As he had, “ done time” in Headley Court in 1963 to learn to walk again after DVT damage, he set about resistive flexions on each “dead” toe. Within a few short sessions some resistance was being generated and sensation returned. Now 8 months later we still do 2 sessions a day and the performance of right and left toes is identical.

But the toes were just the starting point for a new regime, as it was evident that the rest of my right leg functions were not optimum. We set out to check and repair, with massage and resisting flexion, each joint in a sequence from toes, feet, ankle, knee, thigh, hips and back.
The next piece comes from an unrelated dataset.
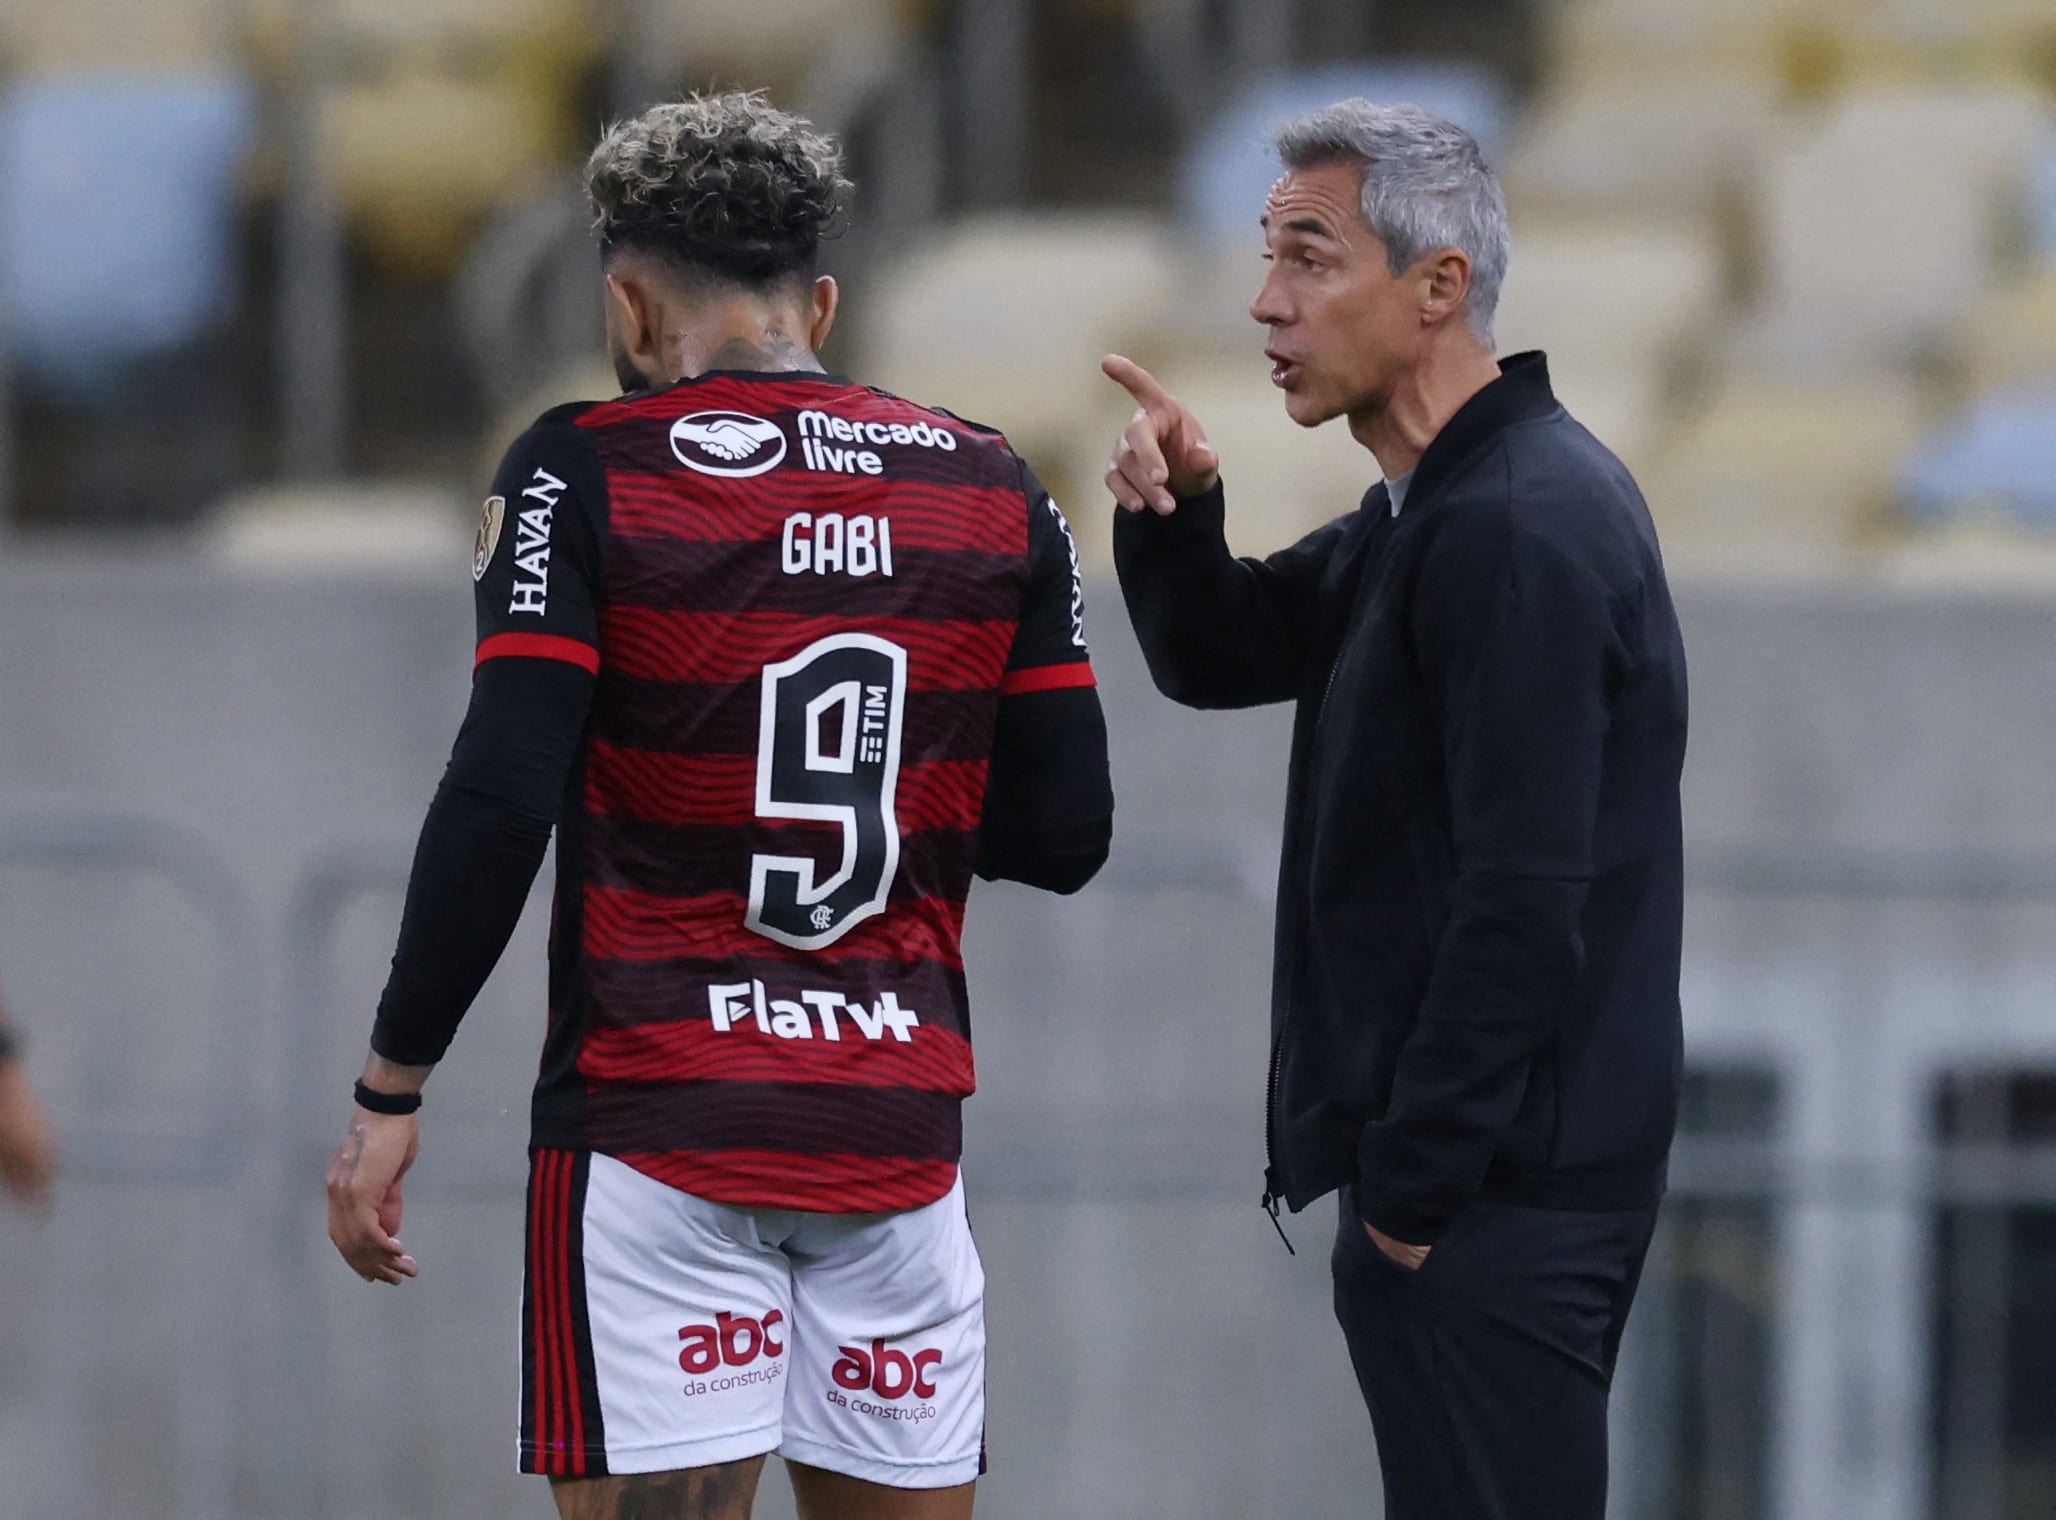 פאולו סוזה מאמן פלמנגו עם "גביגול" גבריאל ברבוסה

The sequence being necessary, while also eliminating other exercises, to ensure elimination of compensatory pathways and muscle usage.

It is now quite evident to us that my MS damaged a neural pathway, maybe to one muscle and that over the last 25 years my body has gradually compensated for this and the compensation created collateral degradation which finally met my normal age degradation which resulted in my falling over problems.

My main successes after 8 months are:
  • Restoration of motor and sensory functions in the 4 right toes
  • Reduction almost elimination of paresthesia in the sole of the foot
  • Matched R/L flexions and power in toes ankles and knees
  • Ability to flex right leg rearwards
  • Ability to perform cycling movements while laying on back
  • Ability to describe circles in the air with right ankle and toes 
  • Ability to describe circles in the air with right leg, ankle and toes
  • Ability to run with springy ankles and elevated knees
  • Ability to put on sock and knickers in standing and sitting positions
  • Ability to vary pace length and speed
  • Improvement of upward knee flexion and power
  • Improved right leg balance
  • Overall reduction in spasticity and knowledge of how to provoke huge spacticity to order!
  • Intermittent gait improvement (fatigue related)
  • At best fully limbic gait control to automatically step over obstacles
My Immediate Targets are:
  • Further correction to toe position on walking
  • Improve power of upward knee flexion
  • Improve ability to hitch hips (hula hoop)
  • Increase the bulk and response of the Right leg medial thigh muscles (Pectineus and Gracilis)
I do not know if my experience is typical, regarding failure of conventional rehab or success by home rehab. The need for two or three 10 minute sessions daily makes this difficult to achieve with the conventional rehab systems.
 
I have hope again, as I have halted my “progression”. I want to get this “episode” to as many people with MS and clinicians as possible, to find out if others can use and replicate this. So I would love to ask all my PwMS fellows - please check your toes ! 

If you think this has value would you please help me to do this?


Looking forward to hearing from you,

I remain, sincerely


Olga Bobrovnikova
Mu-Sic Foundation Association for Global Awareness of MS & the Brain
www.music4brain.com

Short Biography: Olga Bobrovnikova is a concert pianist with MS. Olga trained in the Moscow Conservatory and Gnessin Institute in Chamber Piano Performance and Therapy for Music. Since her diagnosis of MS in Brussels fourteen years after her first symptoms, she has for 15 years dedicated to raising awareness and funds for MS Charities and Organisations. As Ambassador for the Year of the Brain she reviewed the research abstracts and literature on Music and the Brain to unravel the mysteries of music and piano performance, which she describes in her book “Playing the Pathways of My Brain”. Her concept of a balanced performance triangle, comprising physical, mental and emotional functions, is based on separate rewards from limbic, motor and associative pathways. Employing these ideas, her new, progressive method for early teaching of music, uses children’s instinctive mirror learning responses, to establish the physical and mental functional pathways, essential for cognitive learning.